CRTC rolls into digital age

How challenging is it to be a broadcast regulator in the digital age?

‘Each era has its challenges,’ says CRTC vice-chairman, broadcasting Michel Arpin. ‘In 1945, Glen Bannerman said that ‘no time in the history of broadcasting has the future been quite so confused and beclouded’. I would have to say that in 2008, people are still confused.’

The CRTC was under pressure in 2008 to help broadcasters and content makers adapt to the digital age. So the ongoing saga of the future of Canadian TV made for gripping drama at the CRTC, as media moguls, union leaders and creative types faced off against Arpin and no-nonsense CRTC chairman, Konrad von Finckenstein.

The first episode started in February at the Canadian Television Fund hearings. Alberta media mogul Jim Shaw personally boycotted, but his reps told the CRTC that the CTF was a failure and should be cancelled.

Quebecor chief Pierre Karl Péladeau proposed scrapping the CTF and replacing it with a model of his own design dubbed the Quebecor Fund. Meanwhile, the unions and guilds say the CTF continues to work well.

Nonetheless, the CRTC’s CTF report, released in June, called for the creation of two CTF streams: one funded by Canadian Heritage and available to the CBC and educational and not-for-profit broadcasters; the other backed by the BDUs and cablers and open to the privates and programs aimed at wider audience appeal.

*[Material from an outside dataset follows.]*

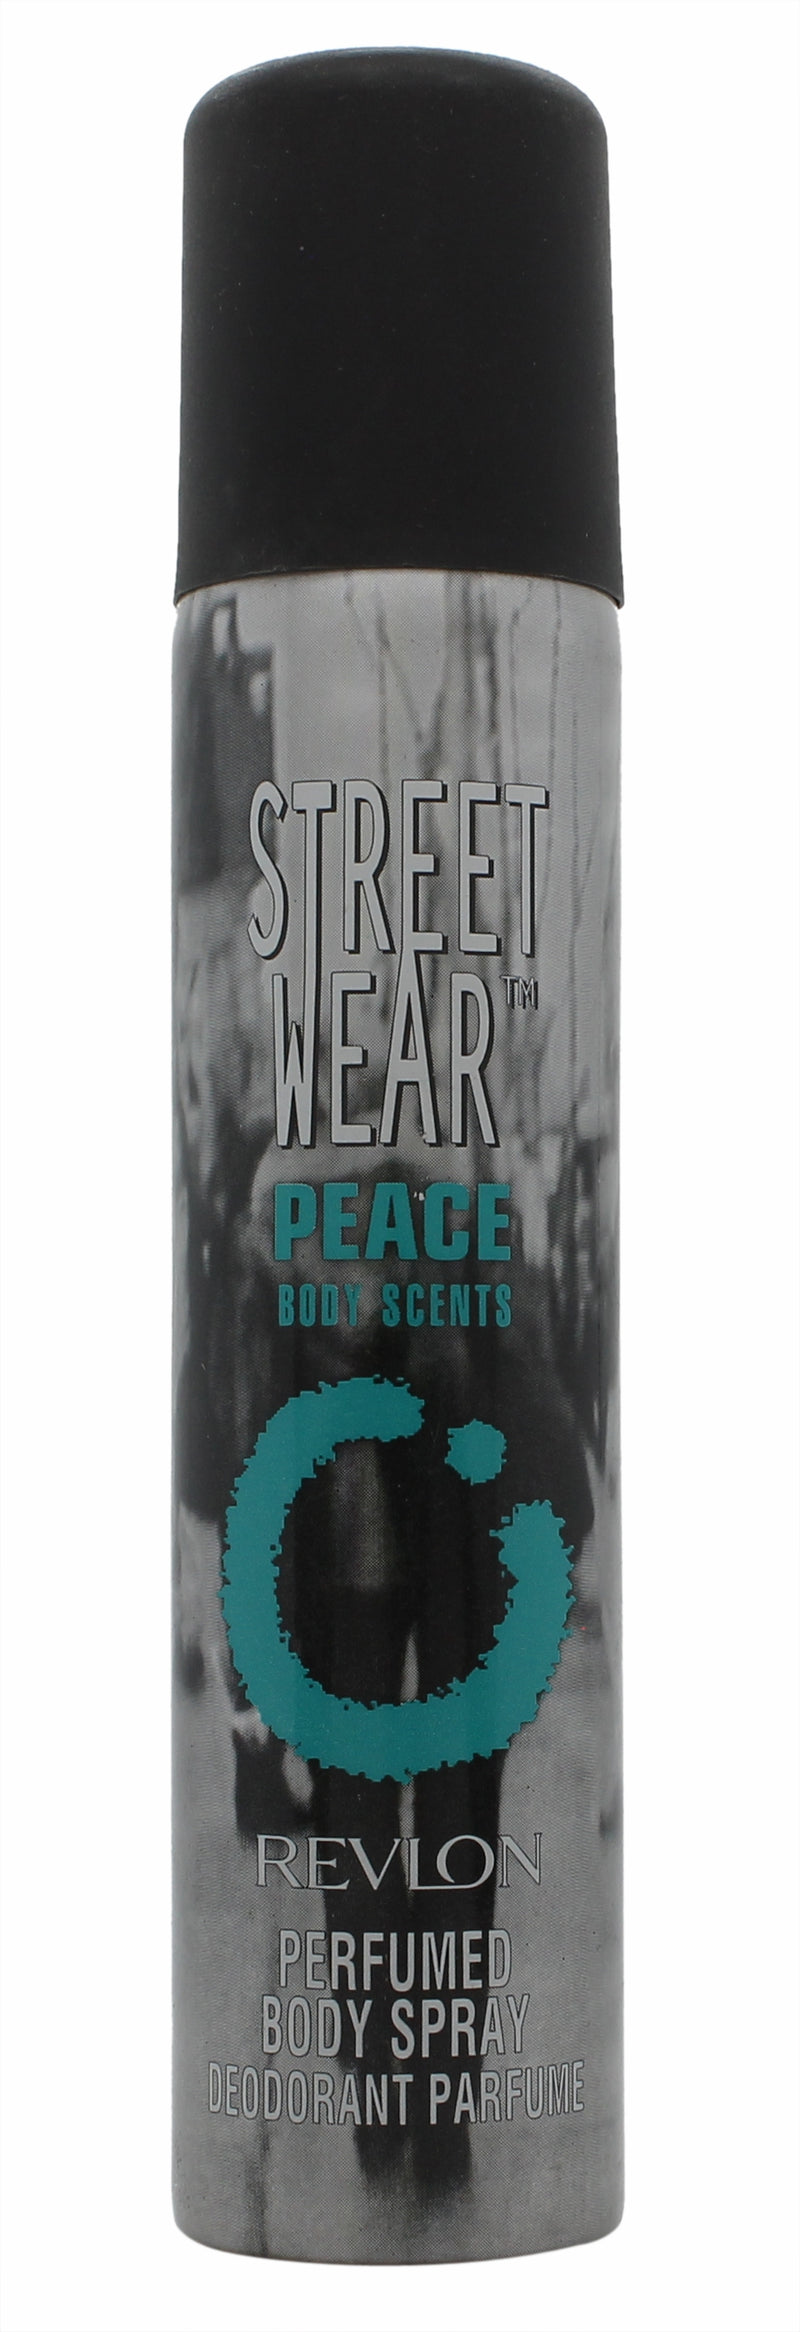 Revlon Street Wear Peace Body Spray 75ml

Heritage has yet to announce its own plans for the CTF, where its direct contribution was $120 million this fiscal.

The CTF’s total budget for fiscal 2007/08 was approximately $298.9 million, with 40% from the feds and 60% from private sources – 29% from the cable companies ($86.7 million), 26% from direct-to-home services ($78.6 million), 4% from recoupment ($10 million) and approximately 1% from interest ($3.6 million).

CTF folks note that for every $1 the CTF contributes to a project, $3.58 of production volume is generated, so total production volume (not including development) has generated about $869 million this fiscal, employing some 22,000 people.

Yet the question remains whether or not the feds consider their $120-million investment well spent, so the future of the fund hangs in the balance, especially with all the political turmoil currently rocking Ottawa.

Meanwhile, April ’08 showers brought the much-anticipated BDU hearings, where Canwest Global Communications CEO Leonard Asper told the CRTC that trying to survive under the Broadcasting Act in the 21st century was akin to being a frog that’s slowly dying in a pot of hot water. ‘We would like you to turn the boiler off,’ said Asper.

When the CRTC revealed its decision in October, conventional broadcasters were denied access to fee-for-carriage cash, but were allowed to enter negotiations with the cable and satellite companies over distant signals. The CRTC acknowledged the networks’ sliding profits because of loss of audience and ad revenues, but it said that they hadn’t adequately explained what role those companies’ recent mega-acquisitions had played in the overall slide.

The summer brought Maxime Rémillard and brother Julien of Remstar Broadcasting – the then owner-apparent of the bankrupt TQS network – to the CRTC.

TQS had announced that it would close its news services in Montreal and four other major cities in Quebec, and lay off more than 270 employees in the name of ‘financial recovery.’ So von Finckenstein ultimately allowed the acquisition of the network and the modification of new local newscasts to include both hard news and commentary because of the company’s ‘precarious financial situation.’

Those three words are becoming common at CRTC hearings.

What’s on the CRTC 2009 agenda?

February 2009

Public hearings on: mobile, the Internet and other technologies are intended to ‘further examine the role of broadcasting in the current new media environment, and what role this environment can be expected to play in the Canadian broadcasting system in the future,’ according to a CRTC spokesperson.

April 2009

Licence renewal hearings for private over-the-air broadcasters, where industry unions and guilds are expected to collectively call for the reinstatement of Canadian drama expenditure.

Canwest Global Communications CEO Leonard Asper has warned that being denied much-needed subscriber fees to ‘survive’ digital upheaval will force his company to seek regulatory relief during the licence renewal hearings.